Sorry, thought Ranma. I ain't got a choice but to use you right now. Maybe someday you'll understand what I've been saying and come to terms with it. Being bound by some bullshit law is stupid. Can't you realize that, for your own sake?
Not that day she wouldn't, so for the moment, he would accept her strength, her warrior's prowess and wield it as if it were his own. It was the best thing to do, the smart thing to do, and if it led her on, well, that was the risk.

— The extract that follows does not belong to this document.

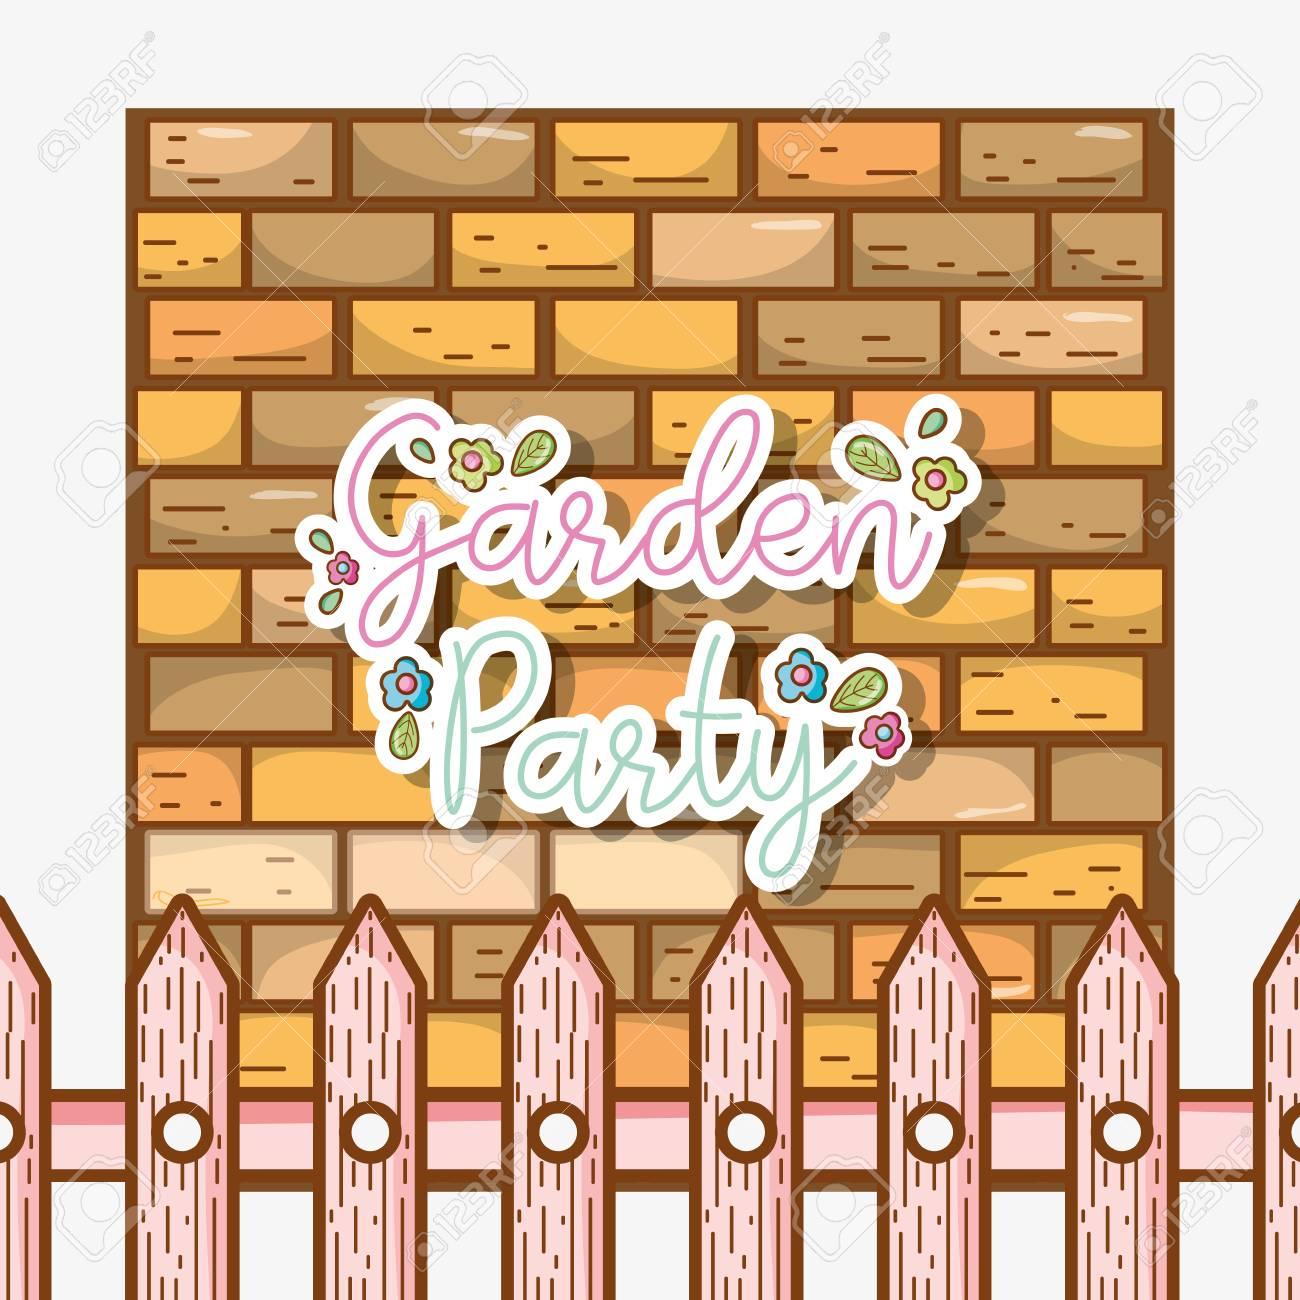 Garden party invitation card with cute cartoons royalty free garden party invitation card with cute cartoons stock vector 98762748 stopboris Choice Image

There's no point in trying to keep things simple later if you're dead now.
He pulled his legs back from the edge, sitting cross-legged on the roof. He closed his eyes to meditate—nay, to reach out, for like the Sorcerers, he'd begun to see without using his eyes, to hear without using his ears, to feel the waves and ripples of ki on his skin as surely as the wind. The Sorcerers relied on this magic, and he would use it as much as he wanted. He fought fire with fire, magic with magic, and ice with ice.
And when he sensed the Sorcerers massing on a cross-street, tip-toeing and holding their staves low, he smirked. For once, he was the one springing a trap on a foe, subjecting them to the panic and horror of an unexpected, deadly game. He curled his fingers in a circle, and in the open space, he formed a long, slender rod of ice. With one end sharpened to a tip, it grew into an icy javelin, with a notch in the middle for his hand so that it wouldn't slip. He pumped the weapon overhand a couple times, glanced down the road, and with one tremendous hurl, he let the javelin fly.
There was nothing to hear of the impact, but a single Sorcerer staff tumbled forward, into the spot of a streetlamp.
"Wuya, Shampoo!" called Ranma over the edge of the rooftop. "Up here, now!"
The Sorcerers scattered, a few staying on the street, others leaping to the tops of nearby houses. Others still went straight up, preferring to come at Ranma from above. With a magic-assisted jump, Kohl was at Ranma's side, and Shampoo followed just a step behind.
"What are you doing?" asked Kohl. "Attacking from a distance?"
"I'd rather pick them off and make them improvise," said Ranma, hurling another ice javelin through the air. "You see where they're coming from—the north, right? What do you think of that?"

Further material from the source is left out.